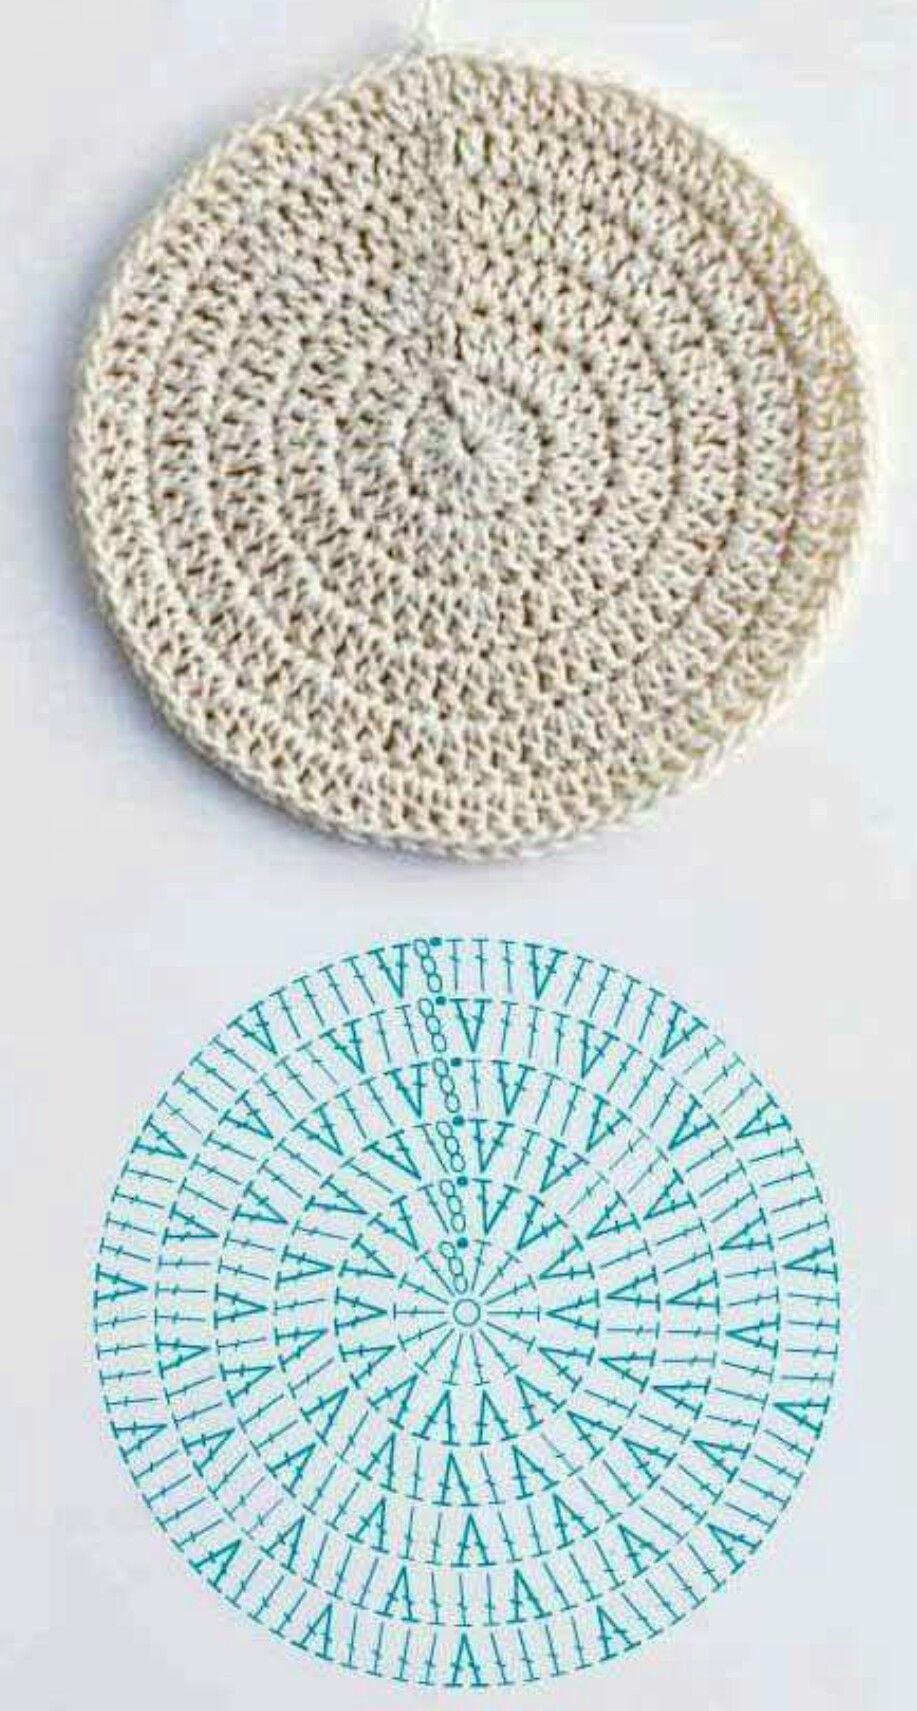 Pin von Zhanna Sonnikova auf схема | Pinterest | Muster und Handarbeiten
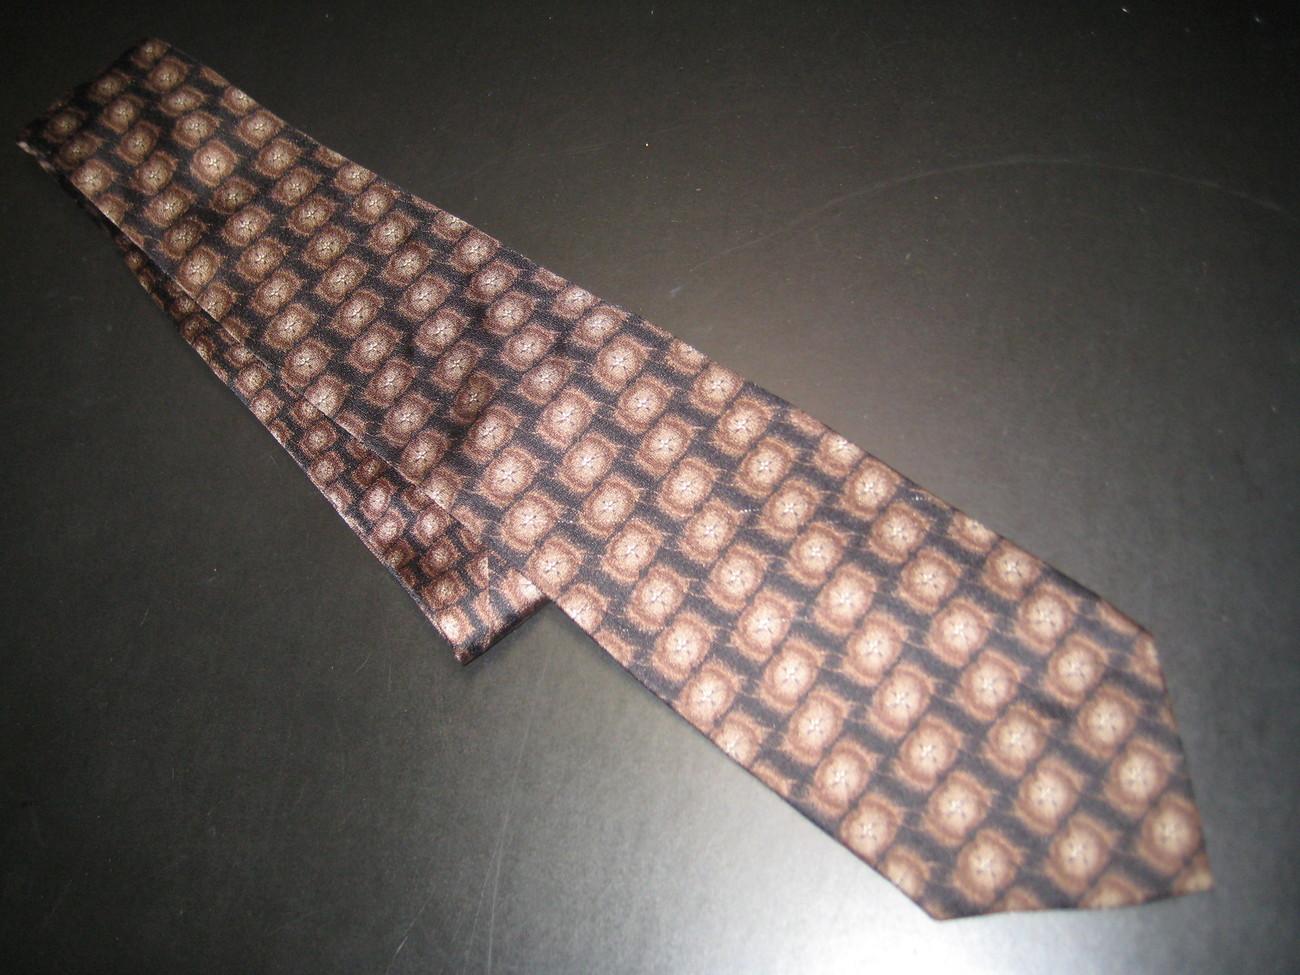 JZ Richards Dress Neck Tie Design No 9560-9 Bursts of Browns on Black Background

...

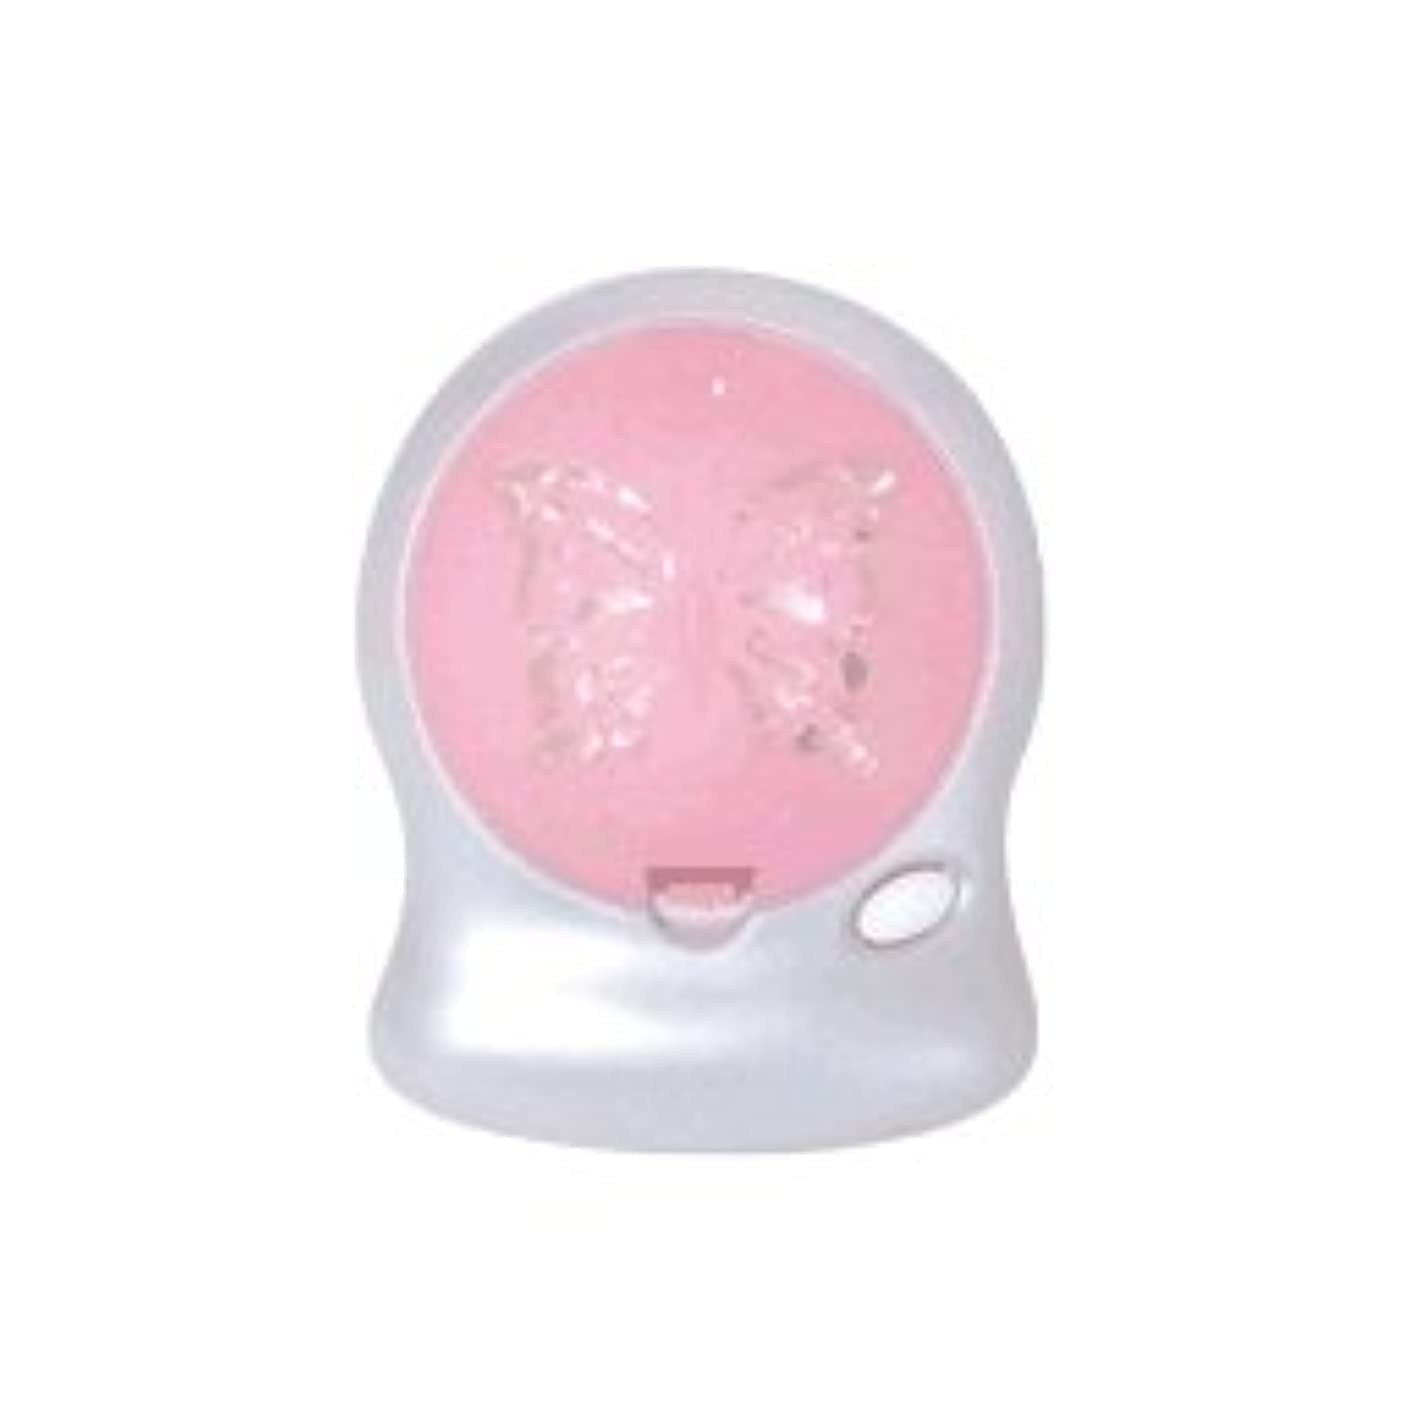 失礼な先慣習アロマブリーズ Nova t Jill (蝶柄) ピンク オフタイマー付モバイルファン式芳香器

◆ **REQUIREMENT**
From the records above, copy only the lines running from the line containing "Pin von Zhanna" to the line containing "JZ Richards Dress", both ends included. Leave the pictures out.

◆ **ANSWER SECTION**
 Pin von Zhanna Sonnikova auf схема | Pinterest | Muster und Handarbeiten
 JZ Richards Dress Neck Tie Design No 9560-9 Bursts of Browns on Black Background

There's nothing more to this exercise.